Make an exact reproduction of all the data.

* **Records provided**:
────────────────────────────────────────
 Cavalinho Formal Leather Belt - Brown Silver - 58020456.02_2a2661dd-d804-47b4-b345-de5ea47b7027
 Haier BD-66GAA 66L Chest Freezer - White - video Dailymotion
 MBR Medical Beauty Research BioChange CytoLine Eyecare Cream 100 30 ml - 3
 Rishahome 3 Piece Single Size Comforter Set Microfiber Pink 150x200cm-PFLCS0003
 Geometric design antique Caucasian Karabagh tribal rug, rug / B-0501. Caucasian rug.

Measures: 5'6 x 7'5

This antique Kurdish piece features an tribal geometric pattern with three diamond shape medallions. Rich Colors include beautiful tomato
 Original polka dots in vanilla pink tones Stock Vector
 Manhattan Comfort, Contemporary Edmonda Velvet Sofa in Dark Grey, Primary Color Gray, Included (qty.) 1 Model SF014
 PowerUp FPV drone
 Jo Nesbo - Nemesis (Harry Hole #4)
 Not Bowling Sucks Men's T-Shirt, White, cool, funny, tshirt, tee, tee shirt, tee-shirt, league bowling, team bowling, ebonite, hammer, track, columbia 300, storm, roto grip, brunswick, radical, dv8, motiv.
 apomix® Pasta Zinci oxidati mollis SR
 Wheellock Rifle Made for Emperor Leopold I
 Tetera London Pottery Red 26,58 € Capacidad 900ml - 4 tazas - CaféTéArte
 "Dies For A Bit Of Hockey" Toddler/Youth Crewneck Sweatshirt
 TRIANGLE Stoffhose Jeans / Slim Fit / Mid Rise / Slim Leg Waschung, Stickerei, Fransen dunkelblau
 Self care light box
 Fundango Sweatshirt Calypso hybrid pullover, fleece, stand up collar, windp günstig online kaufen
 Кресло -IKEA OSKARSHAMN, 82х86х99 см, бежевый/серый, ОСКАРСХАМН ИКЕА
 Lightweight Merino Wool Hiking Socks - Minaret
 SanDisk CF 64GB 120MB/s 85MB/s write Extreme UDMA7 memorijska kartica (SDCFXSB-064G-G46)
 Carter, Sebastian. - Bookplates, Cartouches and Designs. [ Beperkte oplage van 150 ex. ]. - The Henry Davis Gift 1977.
────────────────────────────────────────
* **Response**:
 Cavalinho Formal Leather Belt - Brown Silver - 58020456.02_2a2661dd-d804-47b4-b345-de5ea47b7027
 Haier BD-66GAA 66L Chest Freezer - White - video Dailymotion
 MBR Medical Beauty Research BioChange CytoLine Eyecare Cream 100 30 ml - 3
 Rishahome 3 Piece Single Size Comforter Set Microfiber Pink 150x200cm-PFLCS0003
 Geometric design antique Caucasian Karabagh tribal rug, rug / B-0501. Caucasian rug.

Measures: 5'6 x 7'5

This antique Kurdish piece features an tribal geometric pattern with three diamond shape medallions. Rich Colors include beautiful tomato
 Original polka dots in vanilla pink tones Stock Vector
 Manhattan Comfort, Contemporary Edmonda Velvet Sofa in Dark Grey, Primary Color Gray, Included (qty.) 1 Model SF014
 PowerUp FPV drone
 Jo Nesbo - Nemesis (Harry Hole #4)
 Not Bowling Sucks Men's T-Shirt, White, cool, funny, tshirt, tee, tee shirt, tee-shirt, league bowling, team bowling, ebonite, hammer, track, columbia 300, storm, roto grip, brunswick, radical, dv8, motiv.
 apomix® Pasta Zinci oxidati mollis SR
 Wheellock Rifle Made for Emperor Leopold I
 Tetera London Pottery Red 26,58 € Capacidad 900ml - 4 tazas - CaféTéArte
 "Dies For A Bit Of Hockey" Toddler/Youth Crewneck Sweatshirt
 TRIANGLE Stoffhose Jeans / Slim Fit / Mid Rise / Slim Leg Waschung, Stickerei, Fransen dunkelblau
 Self care light box
 Fundango Sweatshirt Calypso hybrid pullover, fleece, stand up collar, windp günstig online kaufen
 Кресло -IKEA OSKARSHAMN, 82х86х99 см, бежевый/серый, ОСКАРСХАМН ИКЕА
 Lightweight Merino Wool Hiking Socks - Minaret
 SanDisk CF 64GB 120MB/s 85MB/s write Extreme UDMA7 memorijska kartica (SDCFXSB-064G-G46)
 Carter, Sebastian. - Bookplates, Cartouches and Designs. [ Beperkte oplage van 150 ex. ]. - The Henry Davis Gift 1977.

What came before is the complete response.